Seelye, like Rice, is more than happy to share the space with the other fitness businesses. He is not worried about competition from the other businesses because each of the businesses offers completely different programs. “We are offering different doorways into fitness,” he said.

“The place where there is the most competition is getting a parking space,” said Seelye.

Personal Best One on One was founded by Lester Ware, alternate on the 1984 USA Olympic wrestling team. Ware said people coming to Personal Best should know that “this is a place of work.” Ware took the concept of a commercial gym and transformed it into a more personal, hands-on experience. The gym, enjoying its second summer at the Butter Lane Barn, specializes in individual and group training.

 “We try to foster a student-master relationship [with our clients],” said Ware. He added that on most days there will be anywhere between five to seven members in the gym at a time, with an equal amount of personal trainers.

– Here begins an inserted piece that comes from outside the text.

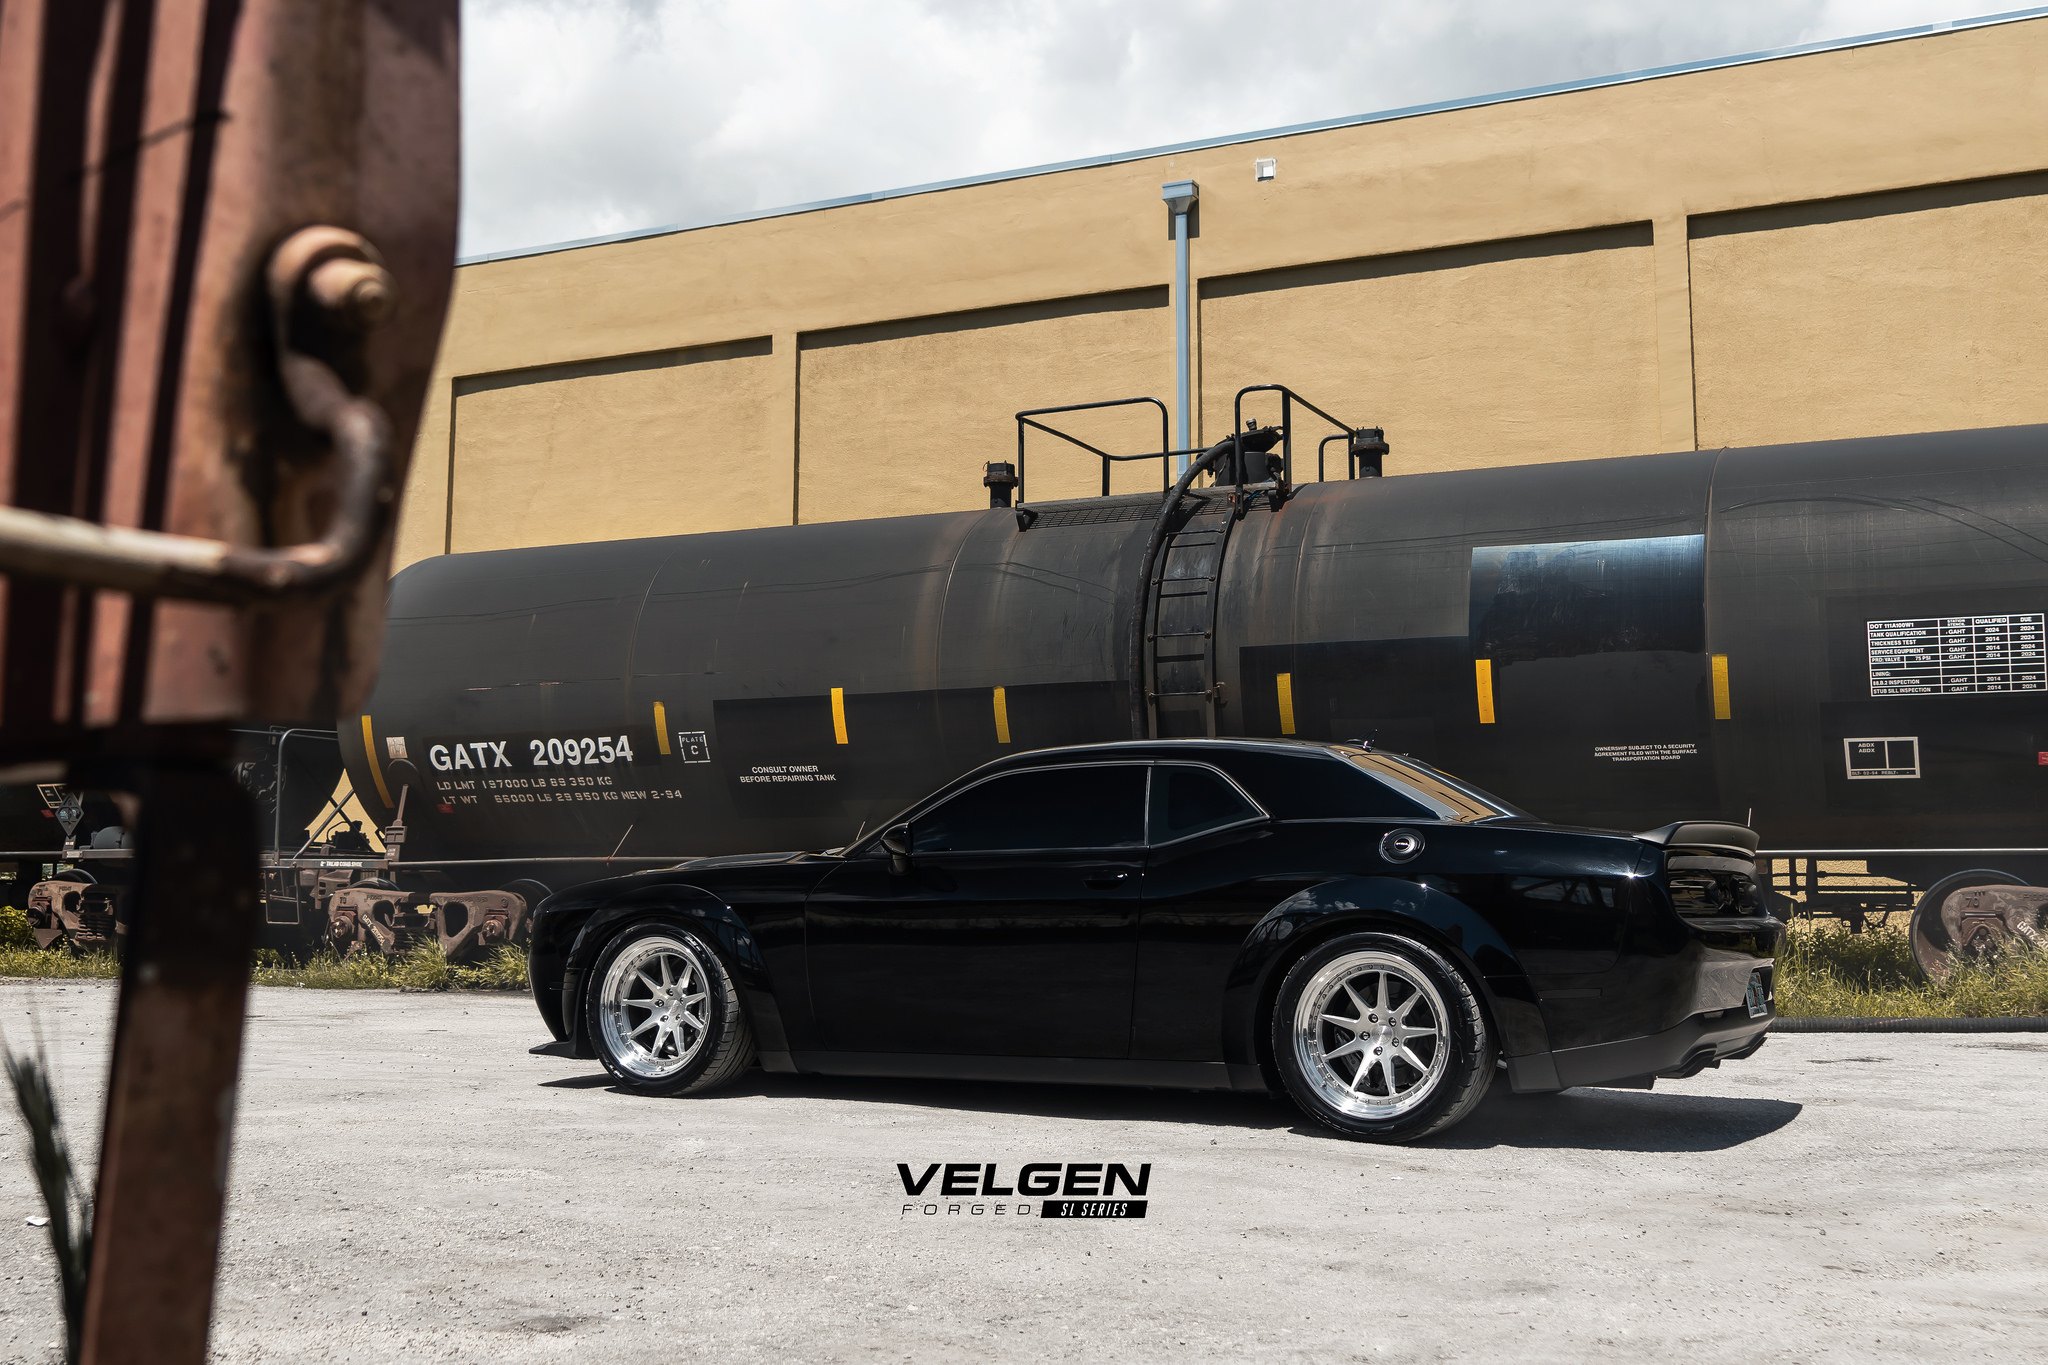 Velgen SL Series Rims on Black Dodge Challenger - Photo by Velgen Wheels

Personal Best is a full-sized gym, with 30 strength-training machines, half a dozen cardio machines and free weights. According to Ware most of the work done at Personal Best is weight training. He said the difference between Personal Best and a traditional gym is the attention each member gets. “We are an instructor, but we are also an agent of change.”

Each Personal Best member is given an assessment that covers nutrition, sleep schedules, stress reduction, and physical fitness. “You can change yourself,” said Ware, “everyone just needs a coach.”

Physique 57, also a New York City import, has recently started a program at the barn. The Physique 57 workout, modeled after the Lotte Berk Method, was created in 2006 and combines a high intensity cardiovascular workout, stretching, elements of Pilates and weight training. Seelye said that Physique 57 offers classes that are more appropriate for people looking for higher intensity workouts.

These four businesses are not only surviving in their current location but they are growing. SoulCycle has started an outdoor biking club, Seelye reports that the One Ocean Yoga Center has grown in class offerings yearly and every summer more people are showing up at the Butter Lane Barn.